▶ [Aim of the task]:
In the listing below, the lines from the first through the one with "INTRODUCTION TO GNSS" are to be copied word for word.

━━━ Excerpted data ━━━

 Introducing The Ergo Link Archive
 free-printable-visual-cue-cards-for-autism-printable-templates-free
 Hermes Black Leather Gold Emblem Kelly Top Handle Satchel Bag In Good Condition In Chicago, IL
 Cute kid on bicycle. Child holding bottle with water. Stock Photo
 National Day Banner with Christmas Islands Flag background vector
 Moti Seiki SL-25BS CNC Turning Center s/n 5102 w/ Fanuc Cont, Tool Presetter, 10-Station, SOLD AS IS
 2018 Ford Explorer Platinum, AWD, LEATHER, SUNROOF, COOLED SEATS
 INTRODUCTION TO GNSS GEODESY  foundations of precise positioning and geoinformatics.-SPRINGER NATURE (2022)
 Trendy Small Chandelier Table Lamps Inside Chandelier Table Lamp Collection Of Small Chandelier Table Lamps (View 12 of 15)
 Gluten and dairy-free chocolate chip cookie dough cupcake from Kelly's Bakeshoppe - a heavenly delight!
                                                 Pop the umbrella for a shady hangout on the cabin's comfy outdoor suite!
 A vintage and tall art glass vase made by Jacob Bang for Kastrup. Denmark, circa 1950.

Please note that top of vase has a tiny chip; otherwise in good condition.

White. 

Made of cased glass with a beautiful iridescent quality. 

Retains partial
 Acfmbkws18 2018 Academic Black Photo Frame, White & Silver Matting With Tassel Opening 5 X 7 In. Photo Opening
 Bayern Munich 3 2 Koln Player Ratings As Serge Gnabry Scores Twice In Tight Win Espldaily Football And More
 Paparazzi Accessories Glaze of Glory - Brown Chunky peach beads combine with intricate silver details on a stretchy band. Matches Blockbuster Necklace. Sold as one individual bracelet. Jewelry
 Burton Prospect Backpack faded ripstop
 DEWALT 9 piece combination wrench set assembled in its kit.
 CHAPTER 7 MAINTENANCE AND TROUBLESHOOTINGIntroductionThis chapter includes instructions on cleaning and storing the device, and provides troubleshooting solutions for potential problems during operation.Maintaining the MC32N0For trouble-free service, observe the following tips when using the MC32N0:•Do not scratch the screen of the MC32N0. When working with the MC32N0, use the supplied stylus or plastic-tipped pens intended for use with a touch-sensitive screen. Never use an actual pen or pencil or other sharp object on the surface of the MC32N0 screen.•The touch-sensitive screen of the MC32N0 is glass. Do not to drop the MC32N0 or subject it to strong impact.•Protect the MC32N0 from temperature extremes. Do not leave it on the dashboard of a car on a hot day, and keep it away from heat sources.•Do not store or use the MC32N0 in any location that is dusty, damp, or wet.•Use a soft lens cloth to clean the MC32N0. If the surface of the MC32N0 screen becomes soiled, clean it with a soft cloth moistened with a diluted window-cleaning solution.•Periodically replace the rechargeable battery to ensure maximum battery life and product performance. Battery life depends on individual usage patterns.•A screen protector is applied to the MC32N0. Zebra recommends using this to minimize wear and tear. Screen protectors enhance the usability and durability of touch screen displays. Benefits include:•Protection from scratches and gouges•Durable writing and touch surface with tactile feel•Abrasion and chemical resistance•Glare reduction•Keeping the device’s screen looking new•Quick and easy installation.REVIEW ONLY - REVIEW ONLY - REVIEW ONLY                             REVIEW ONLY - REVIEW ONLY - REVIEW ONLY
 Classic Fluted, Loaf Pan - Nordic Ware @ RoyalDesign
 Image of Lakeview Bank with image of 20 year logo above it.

━━━

▶ [Exercise output]:
 Introducing The Ergo Link Archive
 free-printable-visual-cue-cards-for-autism-printable-templates-free
 Hermes Black Leather Gold Emblem Kelly Top Handle Satchel Bag In Good Condition In Chicago, IL
 Cute kid on bicycle. Child holding bottle with water. Stock Photo
 National Day Banner with Christmas Islands Flag background vector
 Moti Seiki SL-25BS CNC Turning Center s/n 5102 w/ Fanuc Cont, Tool Presetter, 10-Station, SOLD AS IS
 2018 Ford Explorer Platinum, AWD, LEATHER, SUNROOF, COOLED SEATS
 INTRODUCTION TO GNSS GEODESY  foundations of precise positioning and geoinformatics.-SPRINGER NATURE (2022)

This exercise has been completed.